The data mining techniques and decision tree analysis were used to design a simple decision tree model for both treatment groups using the already available routine tests to predict SVR with a high probability (Kurosaki and others 2011a; Kurosaki and others 2011b). With the help of this model, rapid estimation of response before treatment can be made.
An interesting finding was that the low serum AFP was the first split variable (best predictor) in the predictive model for response in both treatment groups but with different cuttoff levels, being higher for patients treated with PEG-IFN alpha-2a (<8.53 ng/mL) classified as the high probability group for SVR (78.89%), with sensitivity of 75.8% and specificity of 94%, while for those treated with PEG-IFN alpha-2b, cutoff levels <4.89 ng/mL had a high probability for SVR (74.52%), with sensitivity of 69% and specificity of 92%. This also further confirms what was found by the univariate and multivariate analyses as well.
Our study confirmed previous other studies' findings regarding the predictive ability of AFP to detect the likelihood of SVR in chronic HCV Egyptian patients, where we applied one of the decision tree algorithms. Zayed and others (2014) found that when applying REP decision tree for treatment outcome to PEG-IFN/RBV therapy among HCV Egyptian patients, they could identify that cutoff level for baseline AFP (<2.48 ng/mL) has a high probability (72%) for SVR, which approaches other rates in other easily treatable genotypes (2 and 3) (Zayed and others 2013).
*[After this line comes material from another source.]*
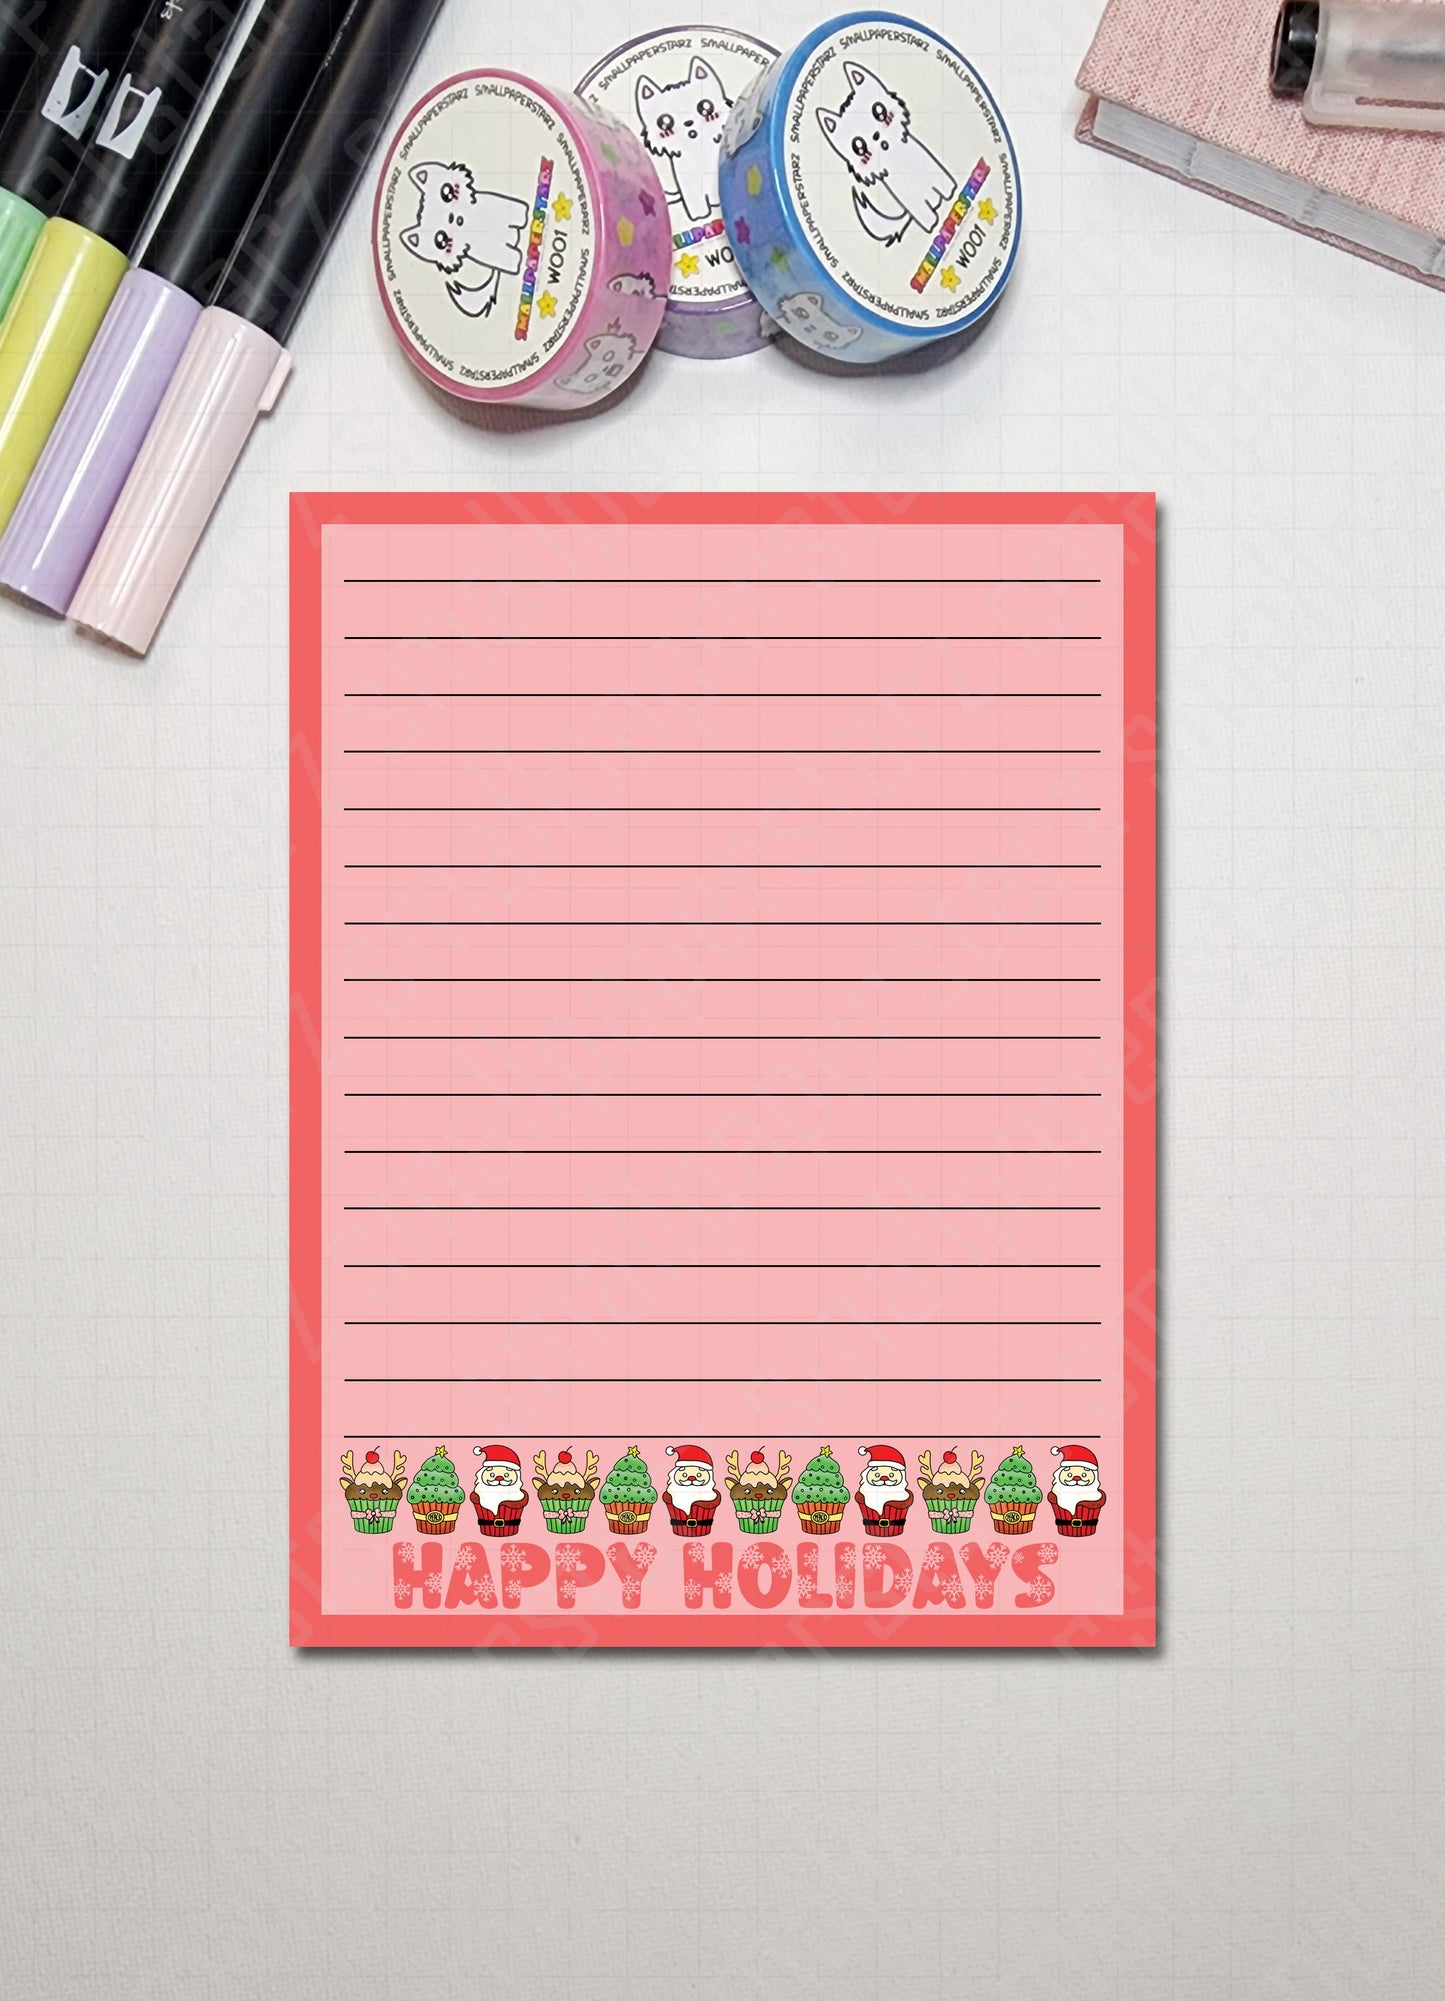 NP017 - Happy Holidays Cupcakes 4.5x6in Memo Notepads Multicoloured

According to these findings, we may consider baseline AFP to be equal to other well-accepted predictive variables of treatment response, such as HCV genotype and viral load. Other variables, such as patients' age, gender, serum ALT, stages of hepatic fibrosis, and grades of activity, had less predictive value.
Conclusions
Studying the independent variables of response in relation to both treatment types revealed that serum AFP >10 ng/mL and viral load >600 × 103 IU/mL were variables associated with failure of response, while male gender, decreased hemoglobin, and decreased TSH were variables associated with favorable response in both treatment types. Applying the REPTree-based model further confirmed the predictive role of baseline serum AFP in both treatment types.
Footnotes
Acknowledgments
We thank the Egyptian National Committee for Control of Viral Hepatitis and the Science and Technology Development Fund (STDF) for their support to this work. We also thank Dr. Wafaa Al akel, associate professor of Endemic Hepatology and Gasteroenterology, for performing the statistical part of the study.
Author Disclosure Statement
No competing financial interests exist.